• _DIRECTIONS FOR THIS TASK_: Omit the pictures and extract only the lines from the line containing "Blue Waterfall Forest" to the end of the material, each exactly as written.

• _SUPPLIED DATA_:
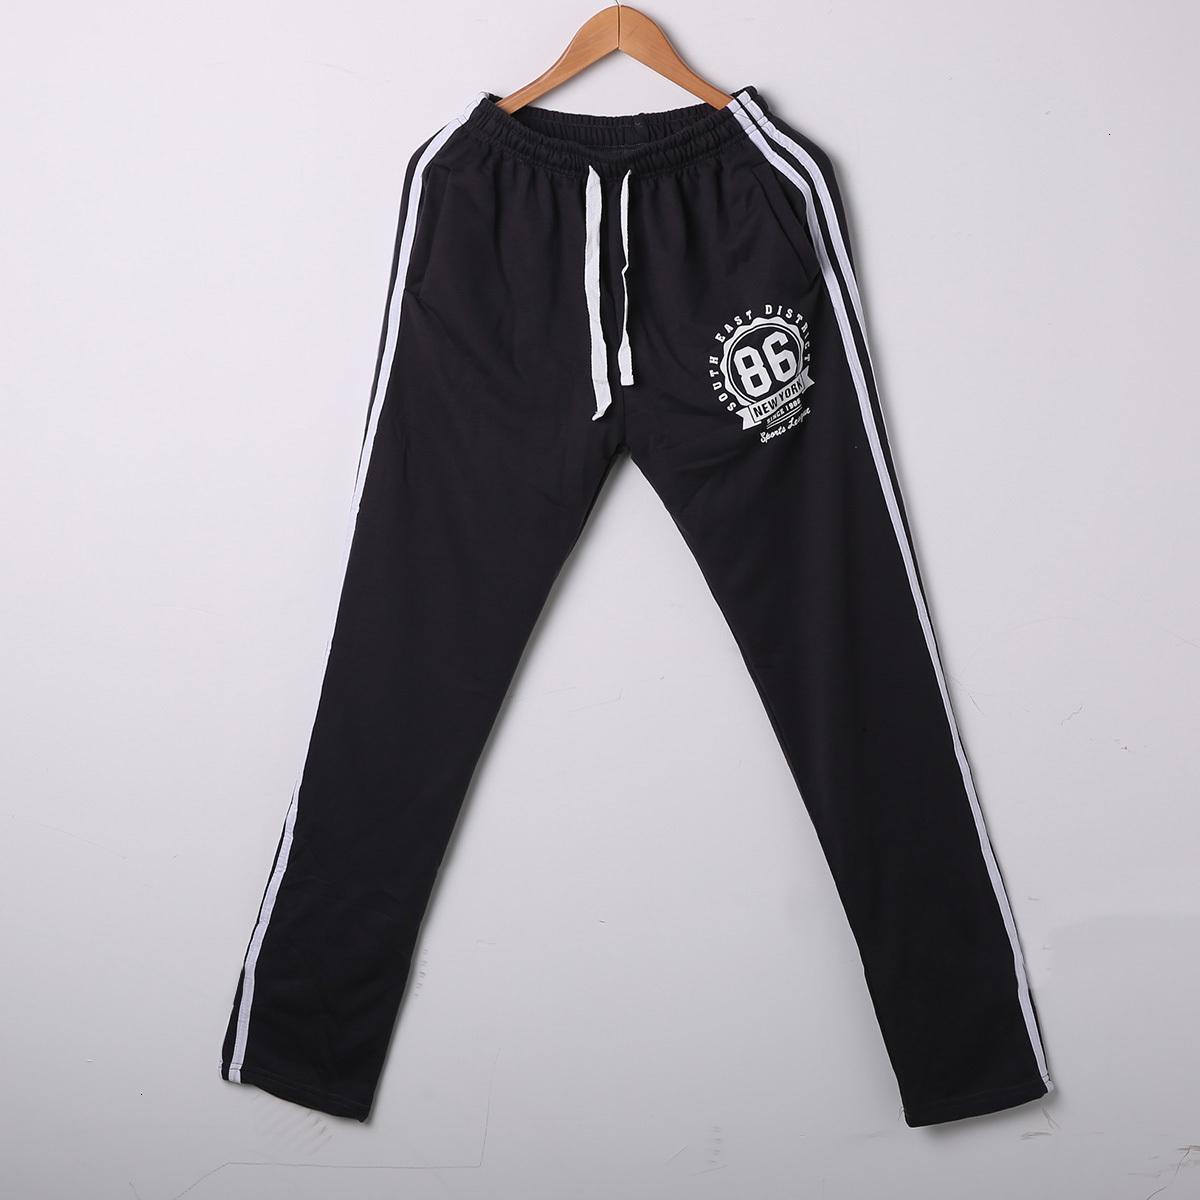 Hirigin Men Long Sweatpants Letter Printed Fitness Workout Joggers Cotton Soft Pants Belt Style Men's Fashion Loose Outwear
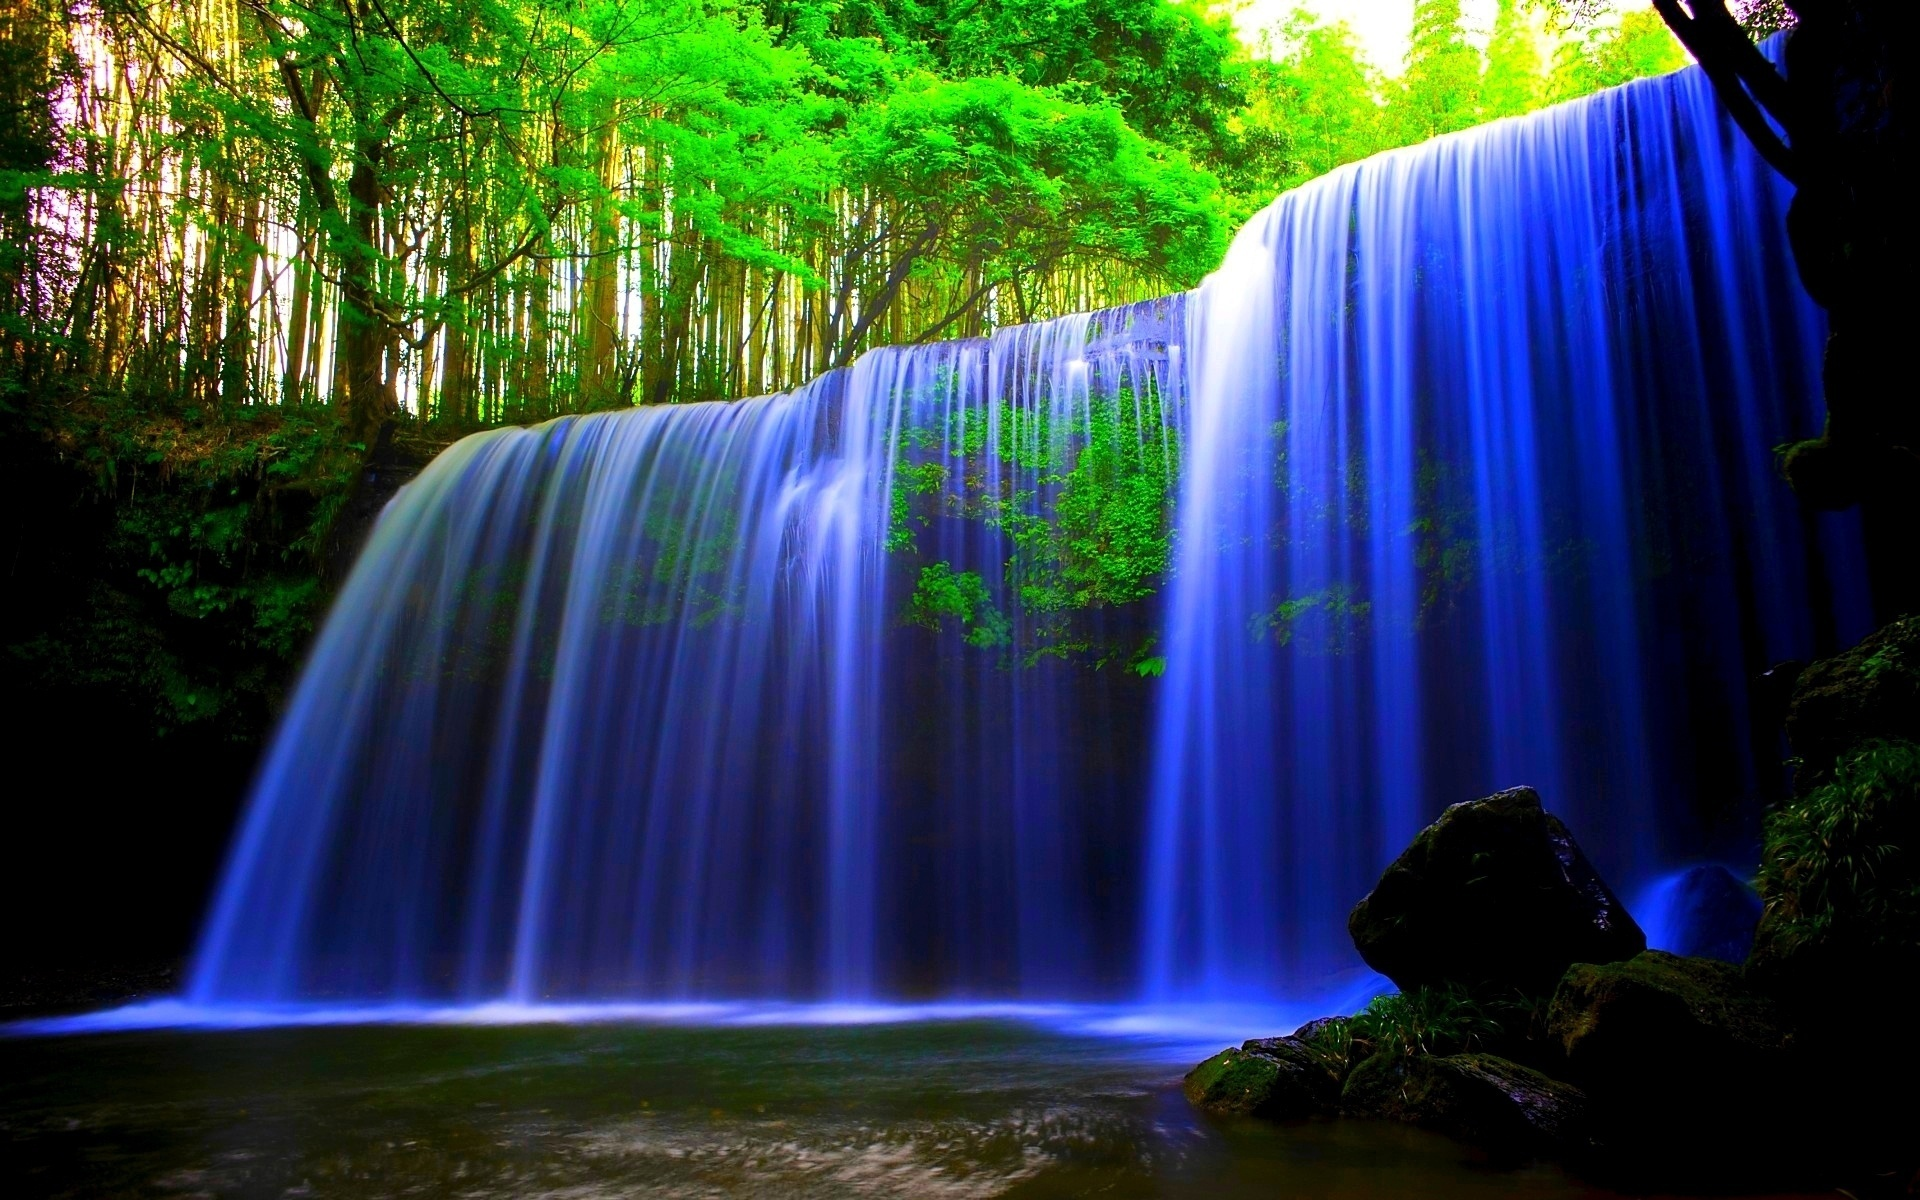 Blue Waterfall Forest Wallpaper in 1920x1200 Widescreen
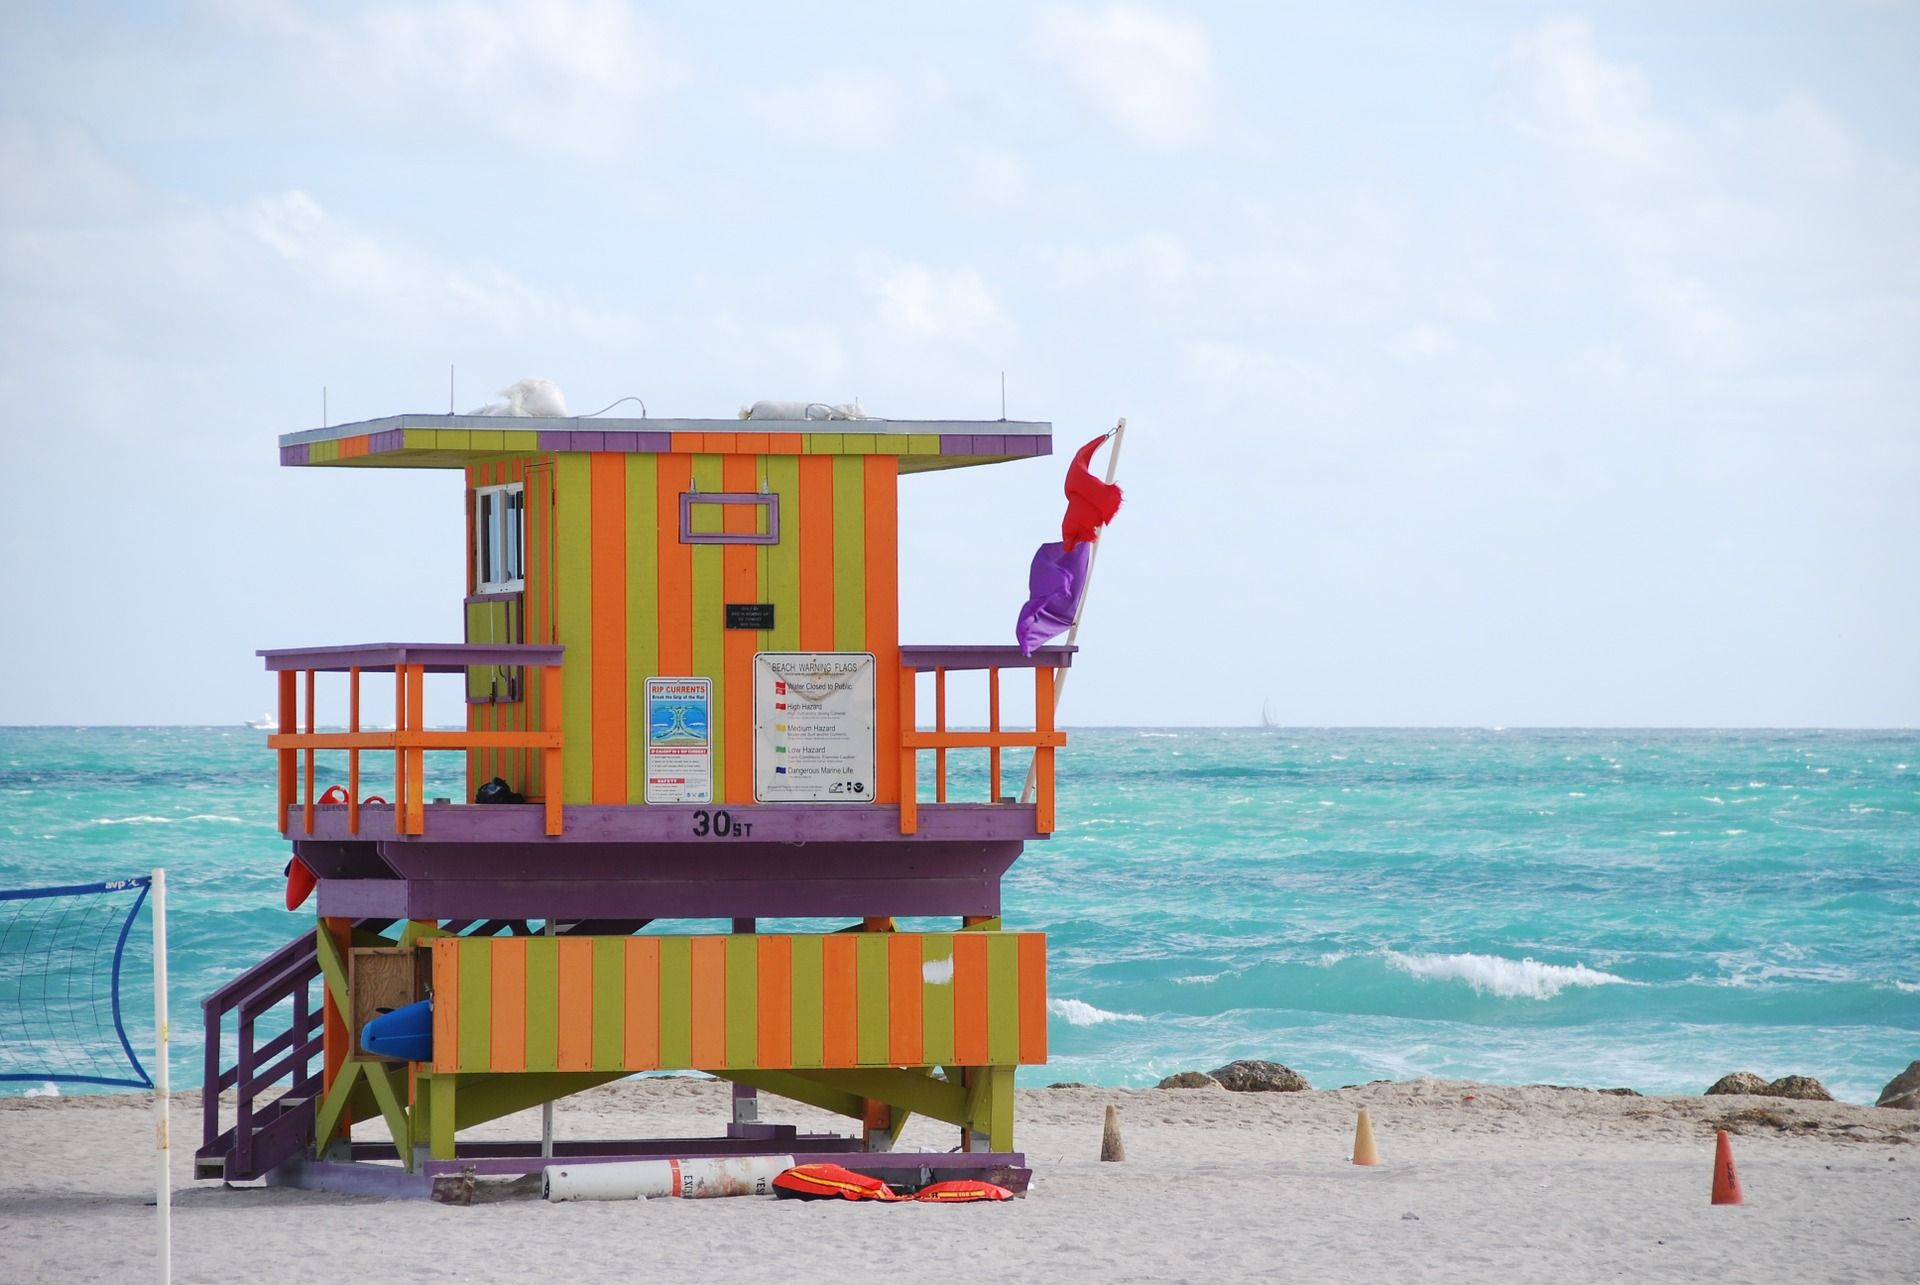 Sprachschule Miami

• _OUTPUT OF THE TASK_:
 Blue Waterfall Forest Wallpaper in 1920x1200 Widescreen
 Sprachschule Miami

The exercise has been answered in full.